The processing is started from Step S300 and then, in Step S301, the ID of the physical object and the information of the latest position and moving direction thereof, that have been stored in the object detection processing, are read out. Then, in Step S303, whether or not the ID of the physical object is a new ID that has just been assigned. If it is a new ID (judgement is “YES”), the flow moves to Step S311 and thus a stop-time timer TMSTP is reset and thereafter, the processing is terminated at Step S312. When it is a new ID, it is meant that the physical object has just been detected, so that the timer for counting the stop time is reset and its time counting is started at that point of time.

In Step S303, if the ID of the physical object is not a new ID (judgement is “NO”), the flow moves to Step S304. In Step S304, with reference to a predetermined movement-determination time, a moved distance DMV of the physical object is calculated that is established between the object before the elapse of the movement-determination time and the object after the elapse of the movement-determination time (the movement-determination time is 1 s, for example).
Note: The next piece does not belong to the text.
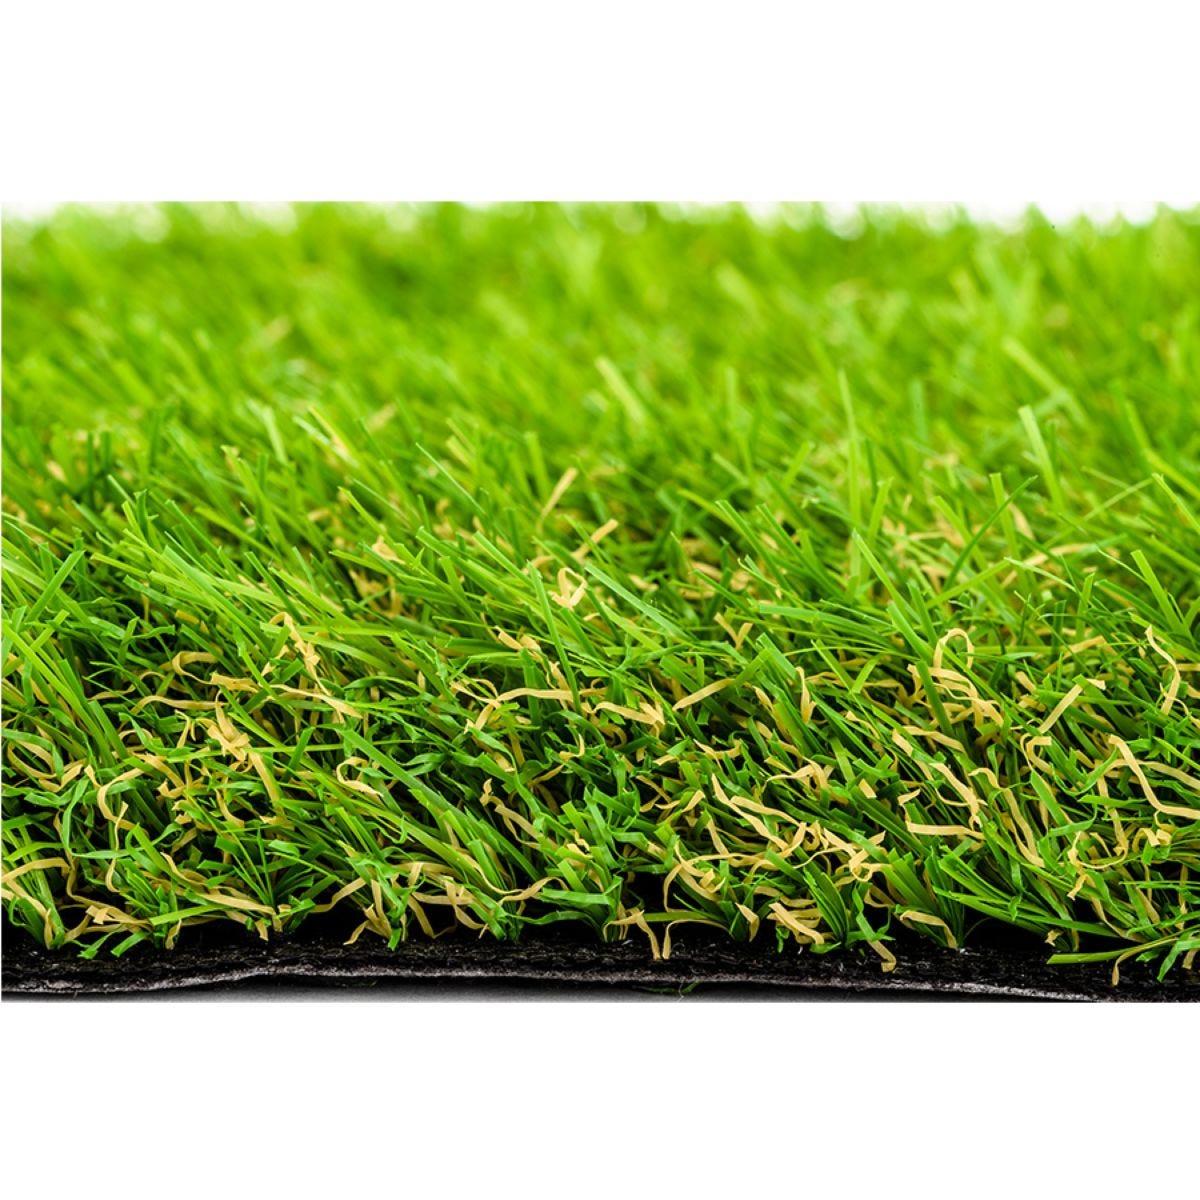 Belair Artificial Grass - 2 x 23m

In Step S305, whether or not the moved distance DMV calculated in Step S303 is larger than a predetermined determination distance XDJDG is determined (the determination distance XDJDG is 1 m, for example). If the moved distance DMV is larger than the determination distance XDJDG (judgement is “YES”), the flow moves to Step S311, so that the stop-time timer TMSTP is reset, and then the processing is terminated. This is because, since the physical object has moved, the timer for counting the stop time has to be reset. The stop time can be reset after confirming the movement of the physical object highly reliably, so that the certainty of the stop time is enhanced.

In Step S305, if the moved distance DMV is not larger than the determination distance XDJDG (judgement is “NO”), the flow moves to Step S306. Thus, whether or not a moving-direction changed angle ACHG within the predetermined determination time exceeds a predetermined angle-determination range XAJDG (30 degrees, for example) is determined.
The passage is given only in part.